Plus, for the first time, the brown sludge from the oil spill has been seen coming ashore in Louisiana’s delicate marsh ecosystem, breeding ground for the nation’s second-largest fishing industry.
"This is the heavy oil that everyone's been fearing that is here now," Louisiana Governor Bobby Jindal said during a boat tour of his state’s coast. Already, thousands of square miles of the Gulf have been barred to fishing, right at the high season for such activities as shrimping.
The oil started to spill a month ago, when an explosion rocked the Deepwater Horizon offshore oil rig, killing 11 workers. The rig, which was owned by Transocean and leased by British oil giant BP, sank two days later.
BP had estimated that 210,000 gallons of oil a day were coming from the spill. But now, the oil company acknowledges the amount of oil being released into the Gulf of Mexico is greater than expected, though a spokesman is not saying by how much.

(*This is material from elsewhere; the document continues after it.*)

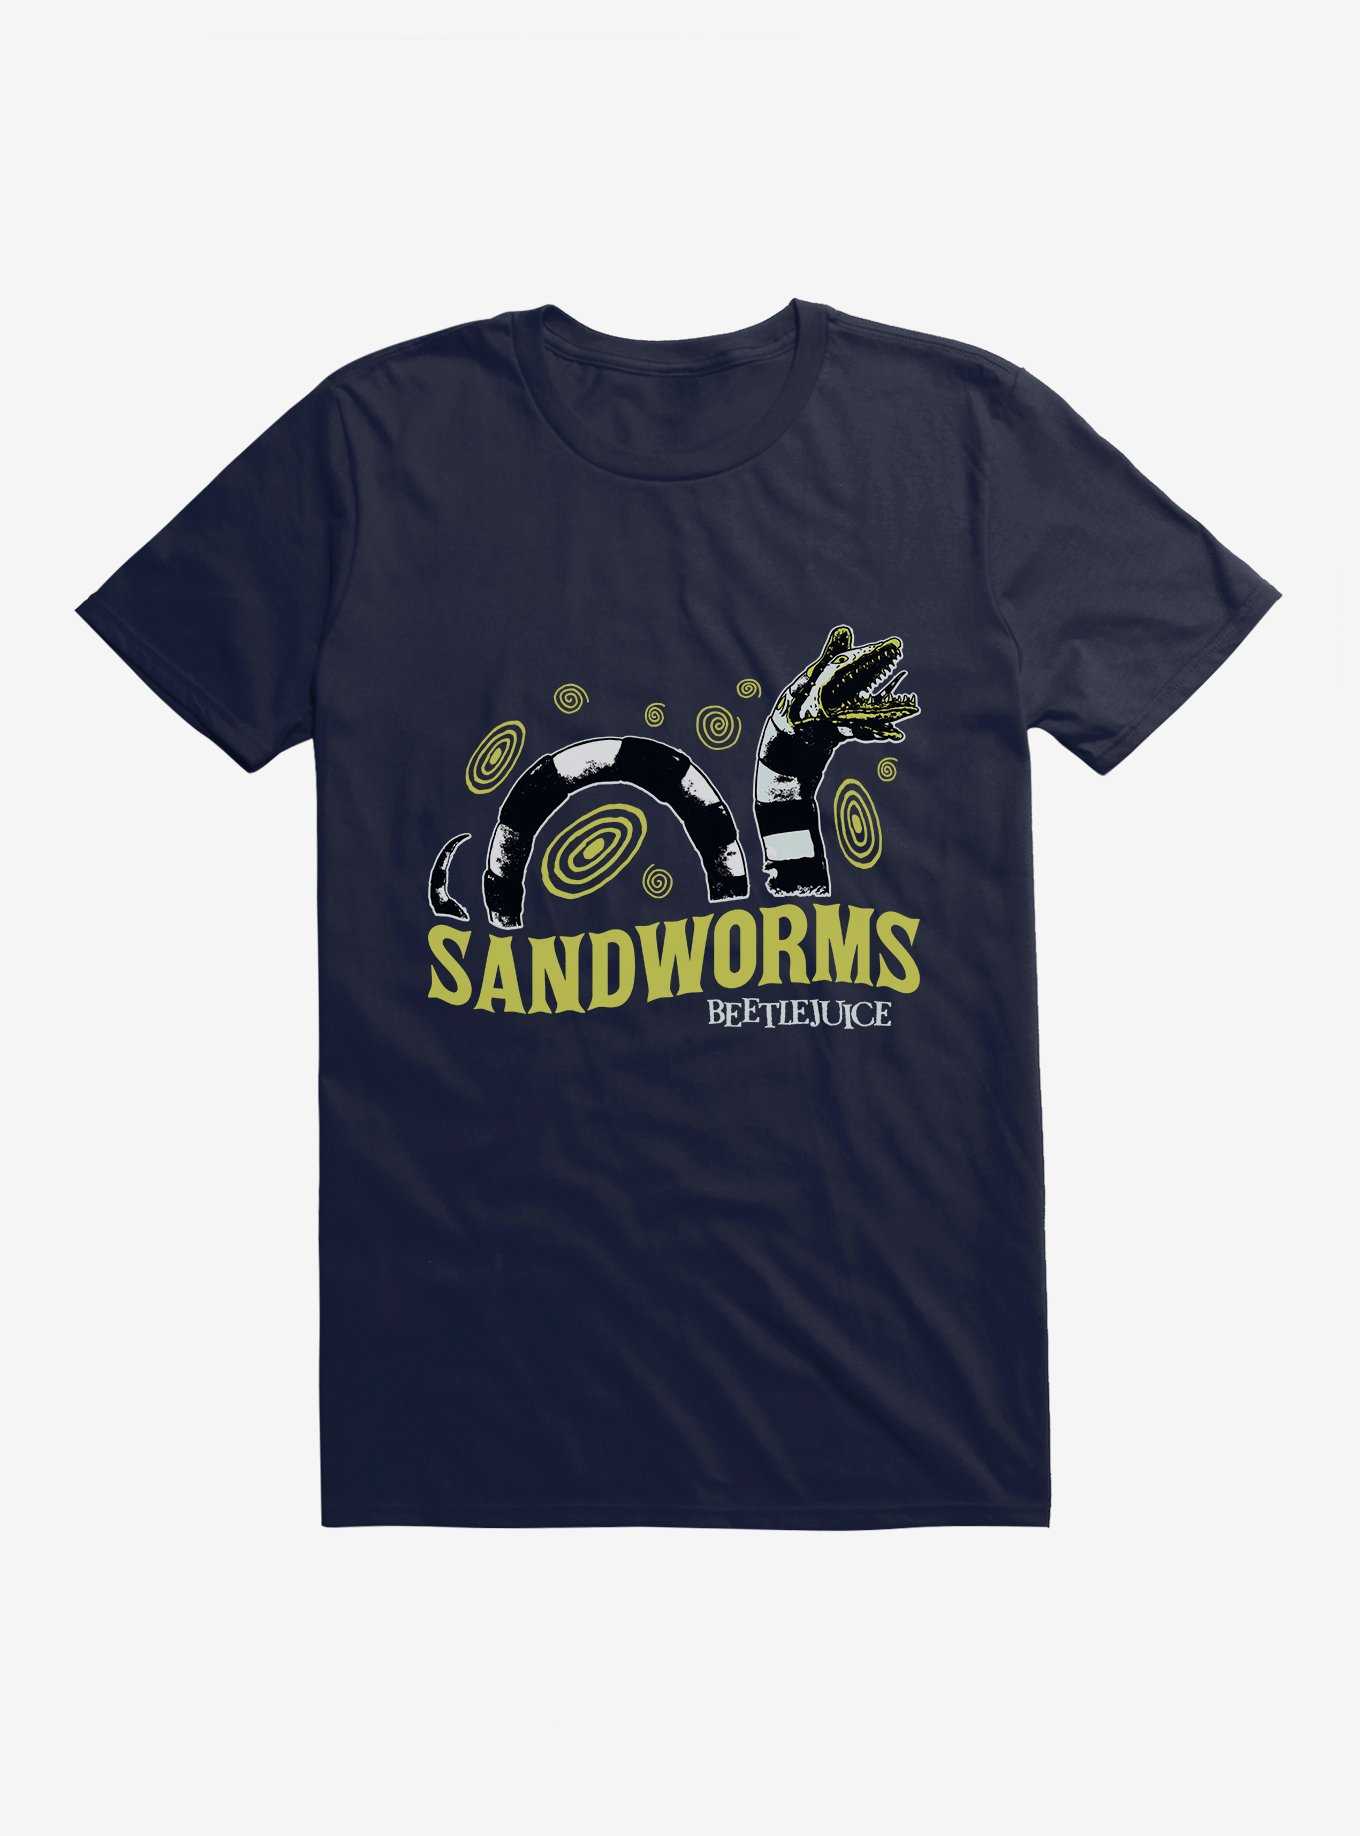 Beetlejuice Sandworms T-Shirt, , hi-res
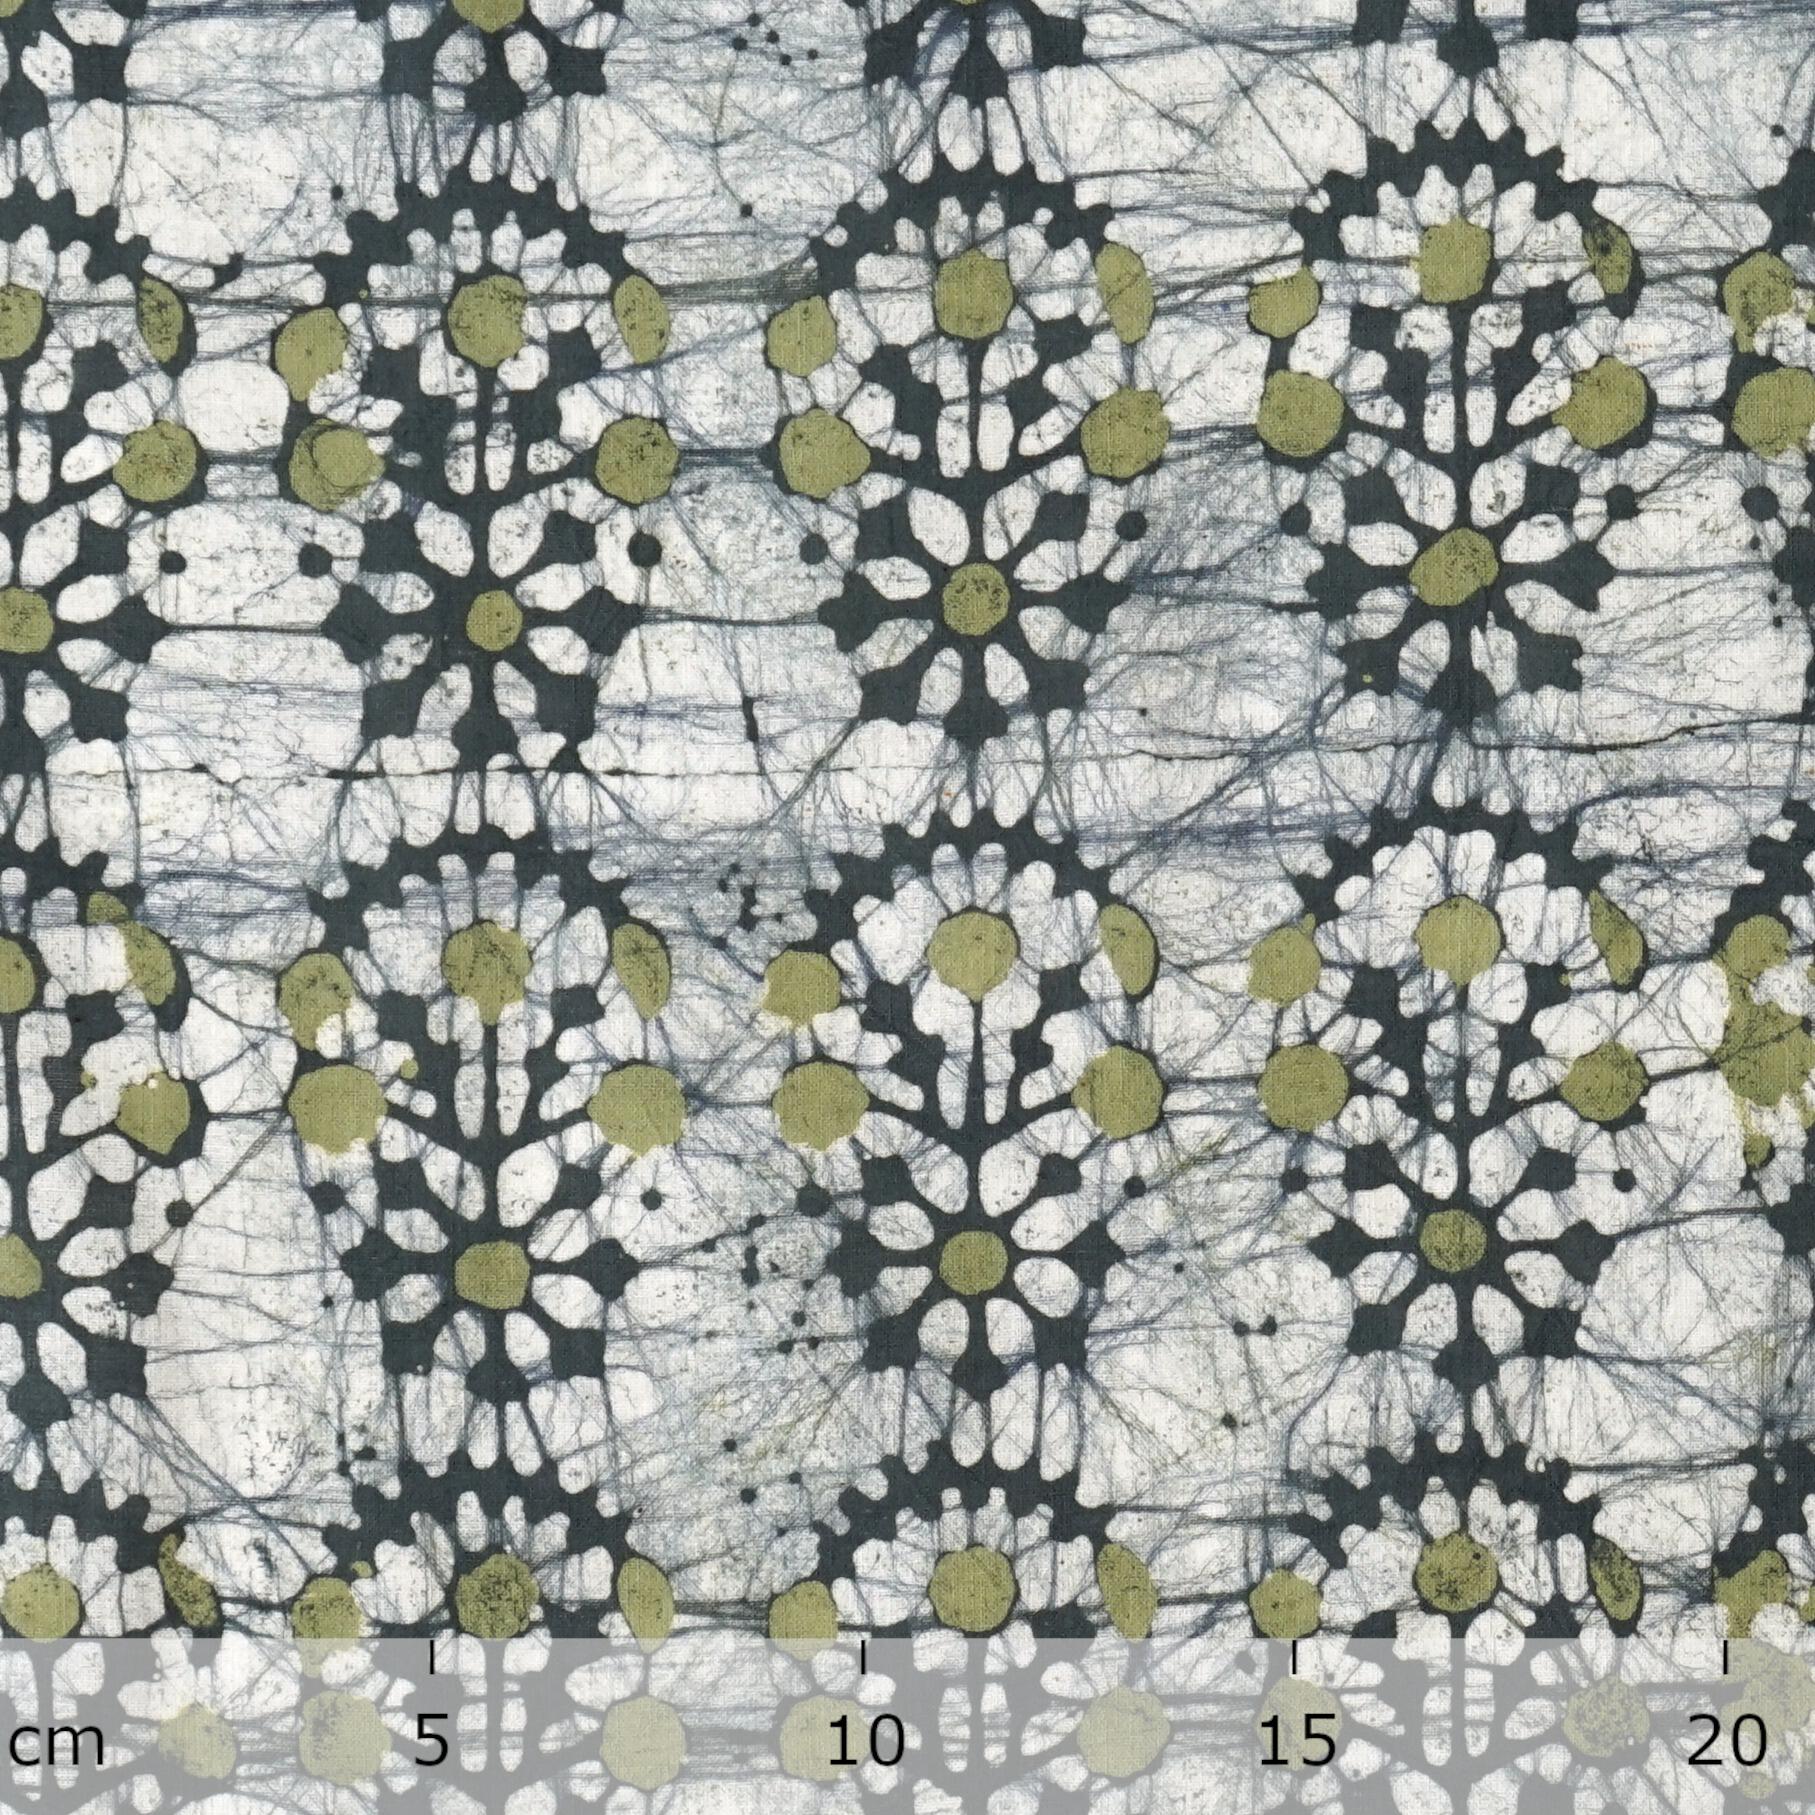 100% Block-Printed Batik Cotton Fabric From India - Seahorse Motif - Ruler

Before this week, most analysts looked at how the economies of Mississippi and Louisiana would be affected by the spill. Now, the impact on Florida is being closely analyzed.
“The state’s high dependence on tourism dollars and jobs is significant, and a gradually worsening disaster associated with any part of Florida’s 1,197 coastline miles could likely have long-term implications even greater than the recent global recession or Hurricane Ivan in 2004,” Moody’s said in a special comment issued Tuesday.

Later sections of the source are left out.